In 2017 we’ve been asked to design and develop a better way of searching through case law. That resulted in an experimental online search tool I would like to tell you about today.

The American system of law is based on precedents. It means that during trials the court relies on previous decisions in similar cases. Besides, it surely considers the epoch and local socio-economic situation. Thus, each new legal case refers to others.

Over three centuries, more than 6 million cases came to court and they are all interconnected. Certainly, there were numerous attempts to apply digital tools to this database. However, they have mainly engaged linear textual search. Such a filter already facilitates lawyers’ work, but it doesn’t allow to see the relationship and hierarchy of cases.

Infinite relations can be presented in a graph, where some cases will be more authoritative than others due to a number of factors.
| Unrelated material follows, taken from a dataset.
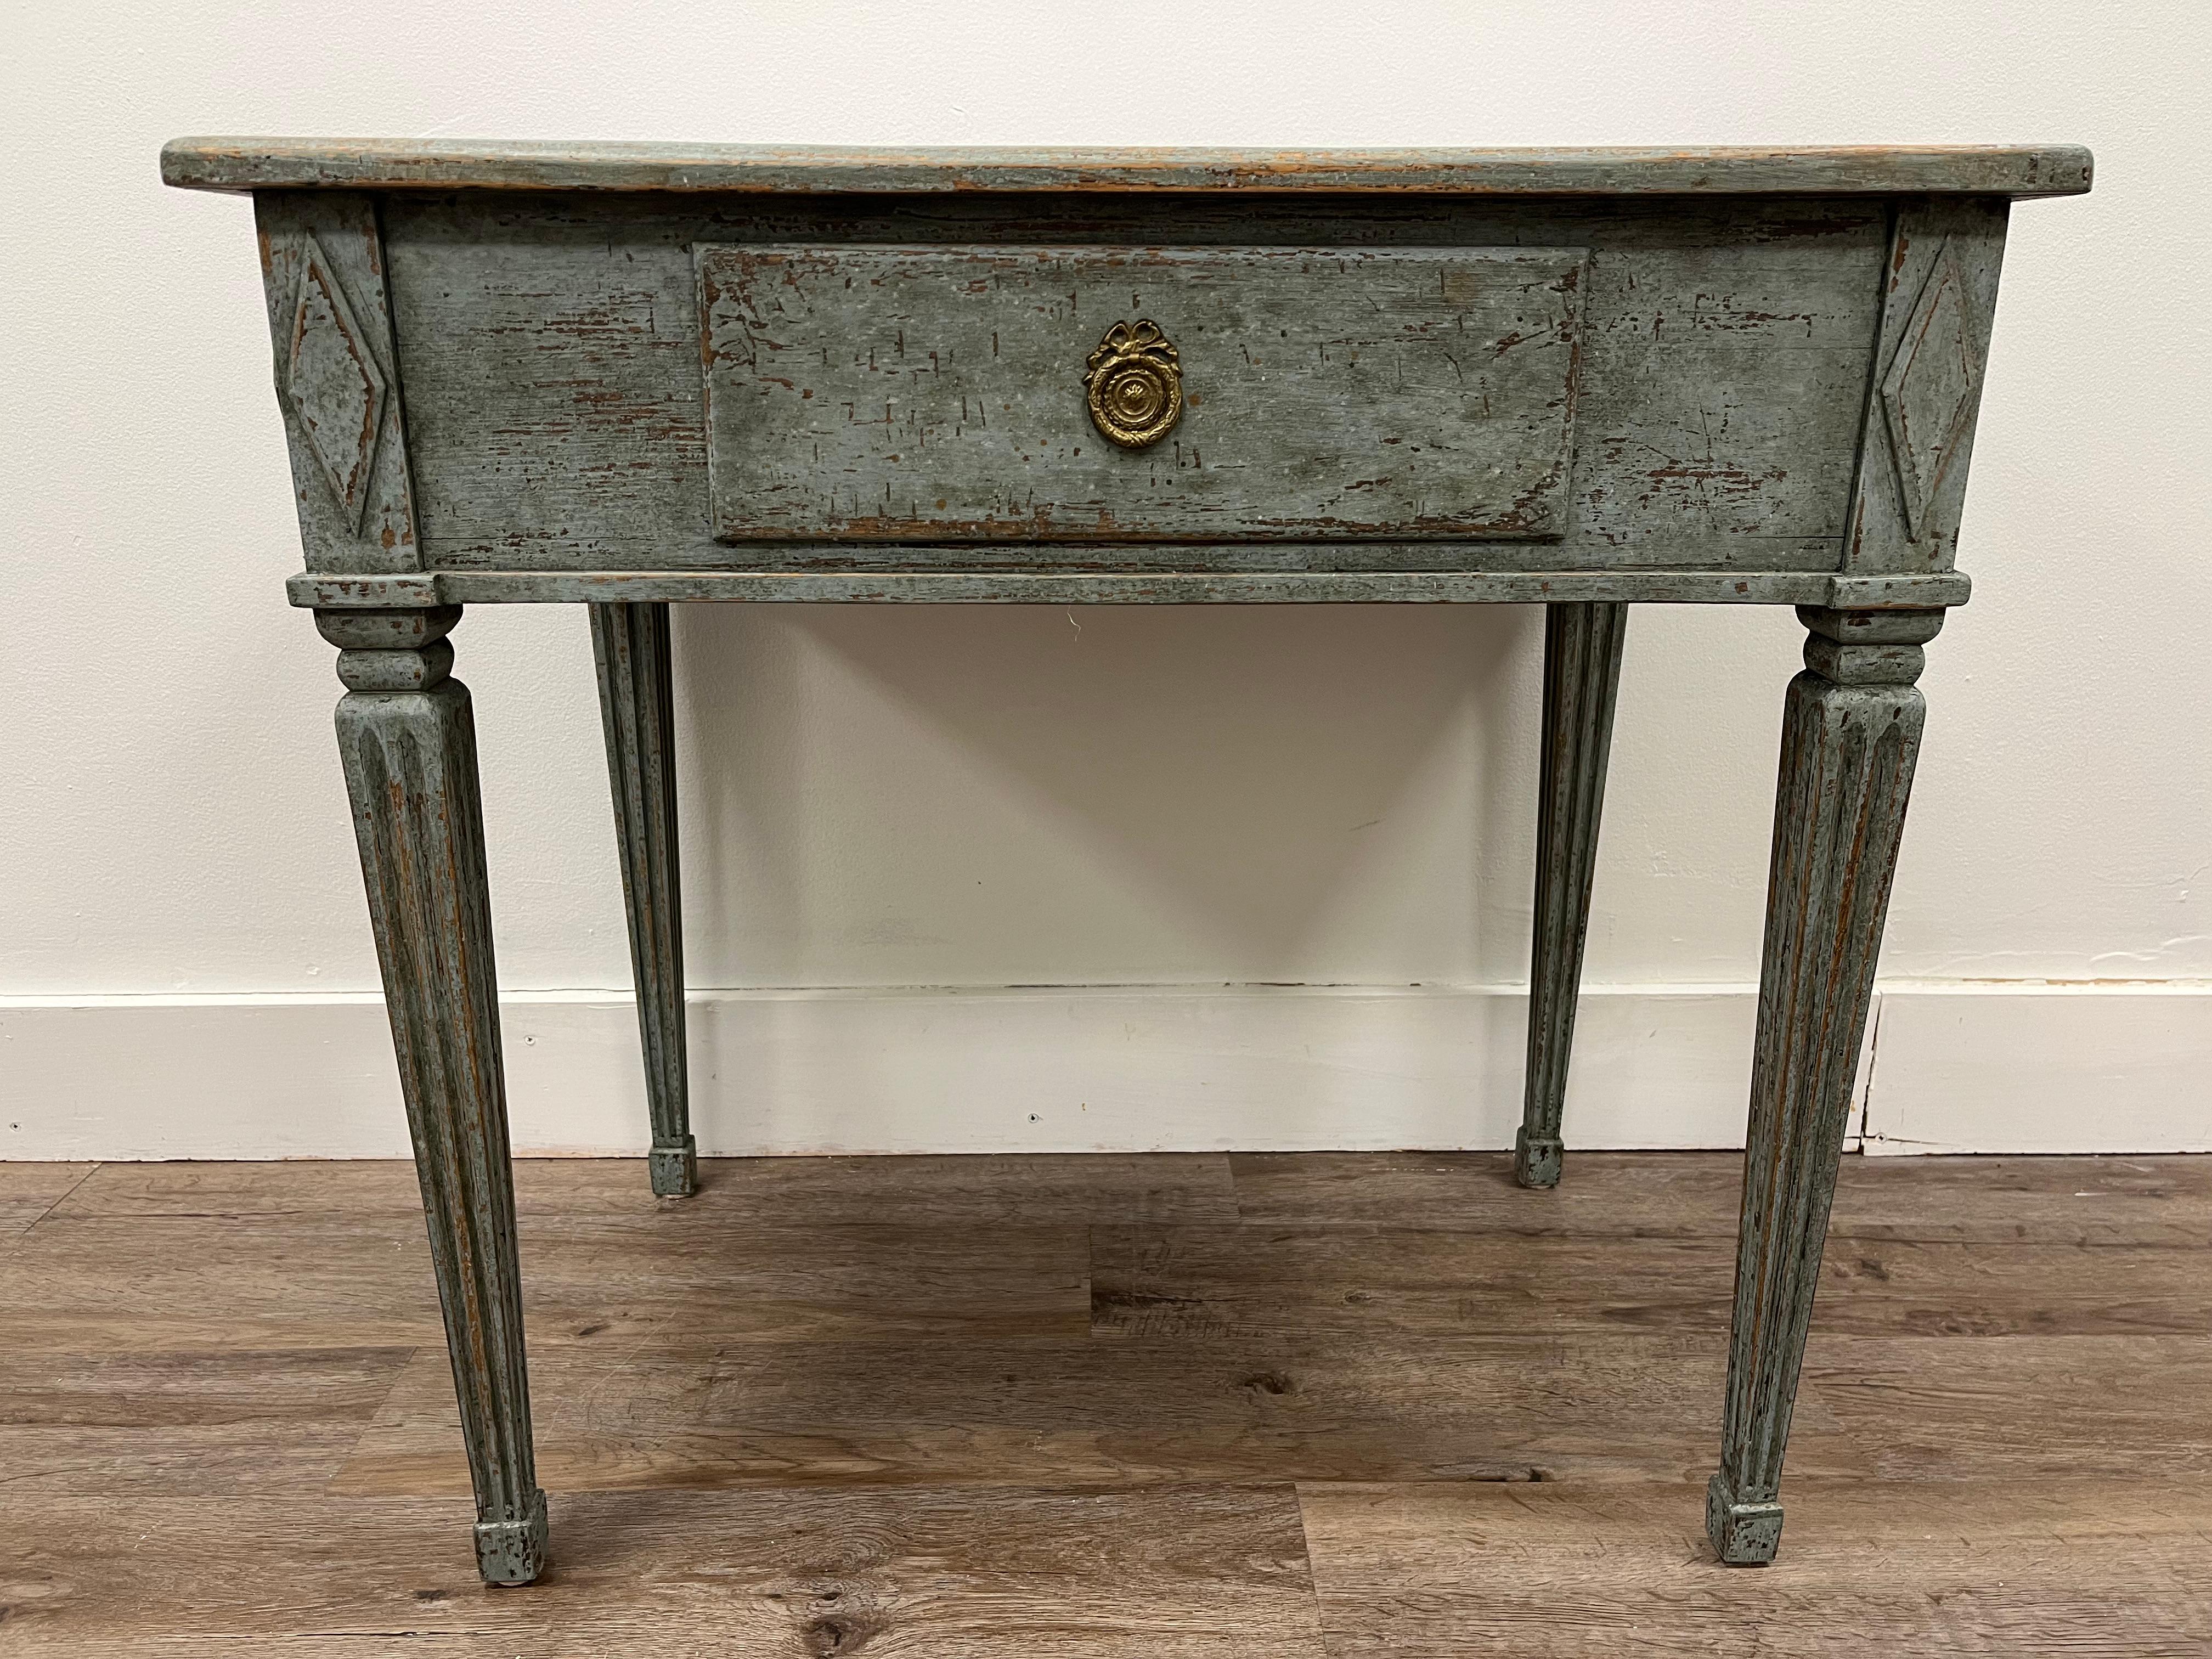 A Gustavian style table with Dutch tile top. Single drawer with original brass pull. Frame has diamond corner details. Legs are tapered and fluted. In original blue paint.

Thus, an idea emerged to visualize this dataset in bulk.

Basic solution

We set out to visualize the system of American precedents and make it interactive. The source base was borrowed from the Free Law Project library https://free.law/ that consists of texts. So, the key tool for delving in it was text search.

Search input providing you suggestions as you type

We decided to elaborate on a metaphor of web and presented search results as networks of documents referring to each other. Documents are shown as dots, their size implies the significance of the case. Large clusters make up subnets, which, in turn, connect into a common network. There are two display modes: in Network Mode one can see all the relations in bulk (using an interactive Force Layout simulation from D3.js), and in Timeline Mode — the distribution of cases on a timeline.

Search results displayed as a network (Network Mode)

Almost 4 million cases constitute the project. Every case has been added to an Elaticsearch database and processed in order to extract citations to other cases, most quoted sentences, key terms and paragraphs. When you do a search, Elasticsearch first finds relevant cases, then our code forms a network with detected communities (by using the Louvain method for community detection) and sends it to your web browser for visualization.

Case network with nodes distributed over time (Timeline Mode).
Case Insights Panel

On the right side of the UI we display Case Insights and Network Insights information blocks. They ensure quick navigation between cases and allow deeper diving into the network. The panel reflects the most significant cases relevant for your search, key terms, fragments from influential cases and the most cited phrases. Any unit can become the next step for search. There is also a Community Insights tab, which gathers the same information for each cluster. Thus, you can endlessly surf from case to case until you collect all relevant links and quotes.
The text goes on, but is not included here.